Minister of Communications
- In office August 29, 1975 – October 24, 1975
- Prime Minister: Pierre Trudeau
- Preceded by: Gérard Pelletier
- Succeeded by: Otto Lang

Chairman of the CRTC
- In office 1968–1975
- Succeeded by: Harry J. Boyle

Personal details
- Born: October 17, 1922 Verdun, Quebec, Canada
- Died: February 21, 2012 (aged 89) Montreal, Quebec, Canada
- Party: Liberal
- Alma mater: Université de Montréal University of Paris
- Occupation: broadcast executive

= Pierre Juneau =

Canadian film and broadcast executive

Pierre Juneau (October 17, 1922 - February 21, 2012) was a Canadian film and broadcast executive, a one-time member of the Canadian Cabinet, the first chairman of the Canadian Radio-television and Telecommunications Commission (CRTC) and subsequently president of the Canadian Broadcasting Corporation.
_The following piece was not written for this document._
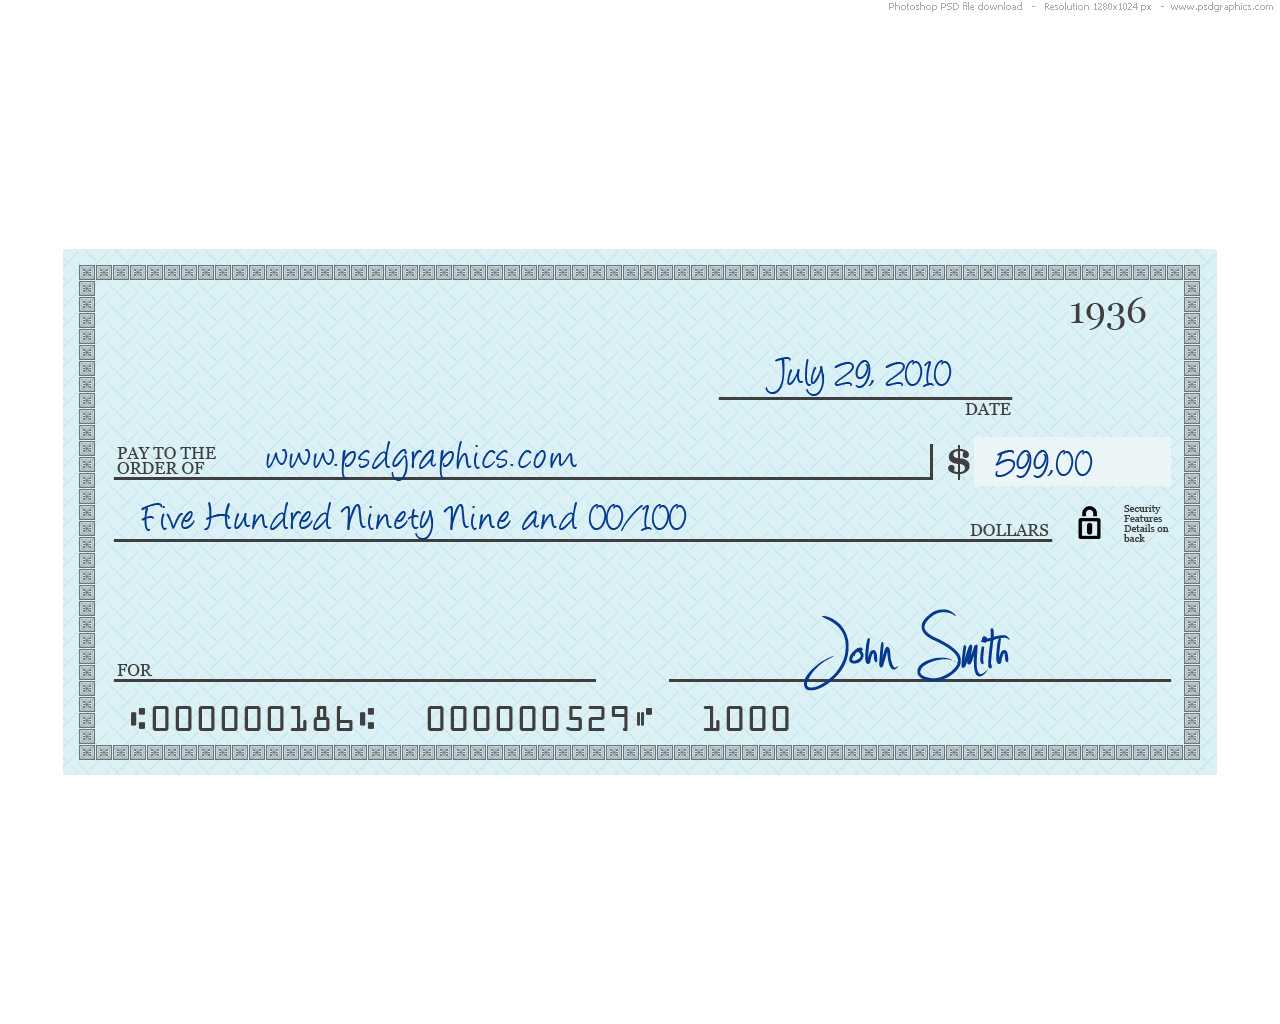 014 Free Blank Business Check Template Good Of Dummy Cheque Regarding Blank Check Templates For Microsoft Word

He is credited with the creation, promotion, and championing of Canadian content requirements for radio and television. Juneau is the namesake of the Juno Awards.

==Early life==
He was born in Verdun, now part of Montreal, to a working-class family. After graduating from the Université de Montréal, he studied at the University of Paris where he met Pierre Trudeau, with whom he co-founded the dissident political magazine Cité Libre upon returning to Montreal.

He was the Jeunesse Étudiante Chrétienne (JEC) Canadian representative at the International Young Catholic Students (IYCS) Centre for International Documentation and Information (CIDI) in 1947–49. He is considered as one of the key men behind the creation of IYCS which today is present in over 80 countries with millions of members.

==National Film Board of Canada==
Juneau joined the National Film Board of Canada in 1949. Hired as the NFB's French Advisor by commissioner Albert Trueman to see how the NFB could better meet the needs of francophone filmmakers and contemporary Quebec society, Juneau was one of the original proponents for the creation of a French-language production branch at the NFB.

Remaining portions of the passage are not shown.